I will, however, post this awesome cartoon of Bill Compton.
 
In terms of this aforementioned troika, all the vampires in question are male, and their decision not to consume human blood is directly linked to their virility, their (in)ability to engage in sexual relationships with women – who very clearly function as consumable objects.  As one of Bella’s friends tells her soon after she starts dating Edward, “he looks at you like you’re something to eat.”  Edward, who doesn’t drink human blood, can’t lose control sexually with Bella.  And he says so every chance he gets.  Eating animals = not having sex, both here and in Buffy and Angel.  When the “vegetarian” Angel has sex with anyone, bad things happen.   

Seriously.

Even Bill, the most sexually functional of the three (he and Sookie boff regularly and often on the show), nearly kills Sookie after losing too much blood.  She gives him her blood, and it’s overwhelming; he can’t stop himself and drinks too much.   

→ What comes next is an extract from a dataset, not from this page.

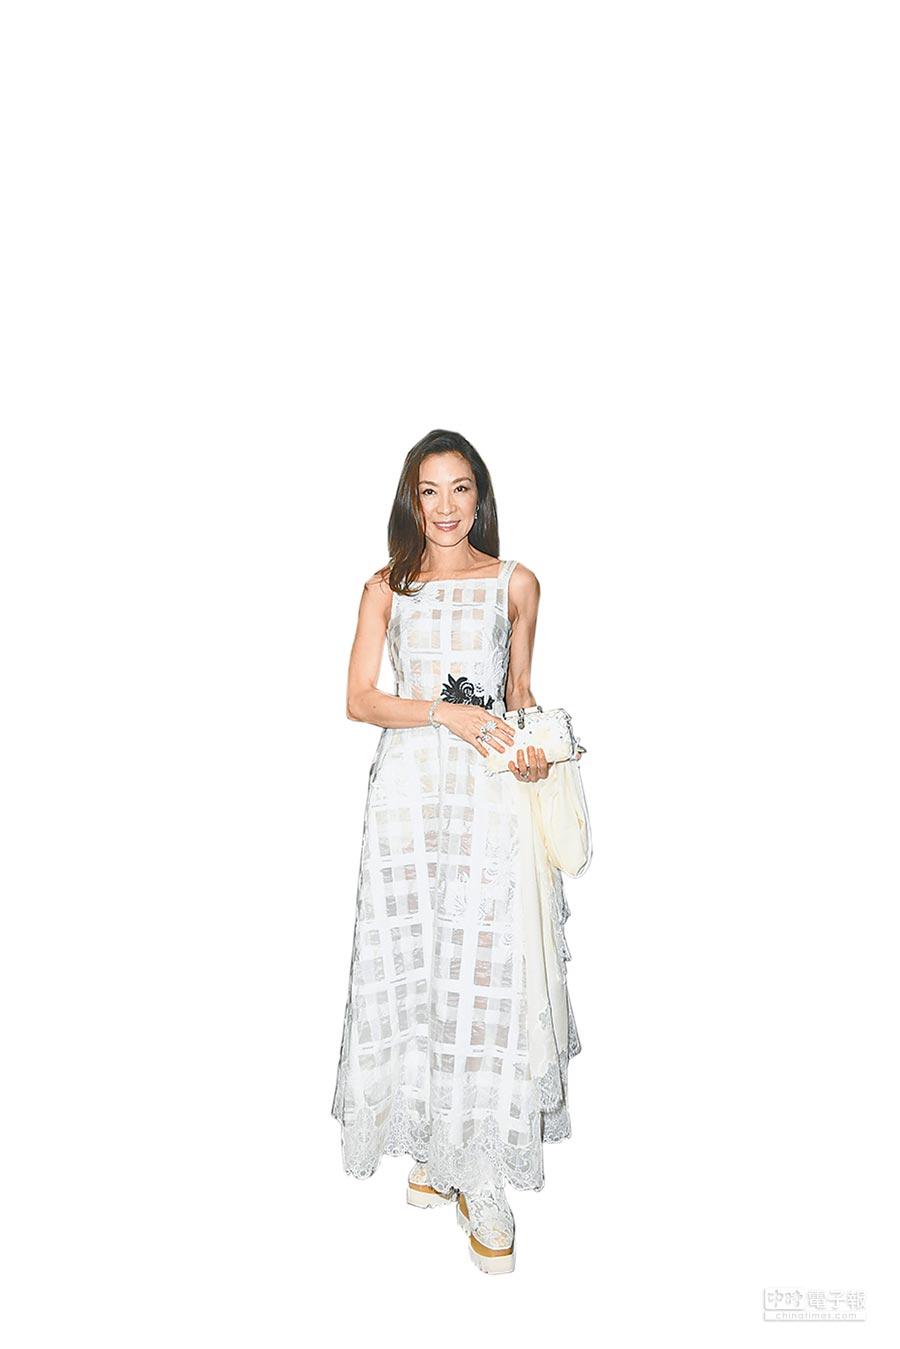 楊紫瓊出席SHIATZY CHEN秋冬在巴黎的時裝大秀,身上的白色紗線洋裝飾有蕾絲營造閃爍質感。(SHIATZY CHEN提供)

Buffy never actively played with the linkages between non-human blood drinkers and vegetarians.  I always wanted the show to do more with that, but except for a couple of nods in that direction, specifically one episode in which humans are factory farmed and another in which Buffy works at a burger joint (the Doublemeat Palace) and speculates that the “secret ingredient” may be human meat only to discover that it’s cellulous, the show just didn’t go there.  But that’s certainly preferable, I think, to Twilight’s aligning of vegetarianism with the very antithesis of vegetarianism – eating animals.  Despite the fact that PETA2 gave the movie a Libby award for being the most animal friendly film of 2008 (largely because, despite the fact that Stephanie Meyer’s Bella isn’t vegetarian, Kristen Stewart, who is a real life vegetarian, plays Bella as veg in the film), the movie still places the killing and consumption of animals at the fore of its narrative.  And all of these recent reinventions of vampire lore still maintain the same sexual politics of blood that underscore older versions of the story, only now those politics include a tacit discourse of non-human blood as well.

As my sister astutely noted, as we snarked at Edward, “just because you’re not a cannibal doesn’t mean that you’re a vegetarian.” I’m so making a tee shirt that features Edward Cullen’s face and that statement.  Wait for it.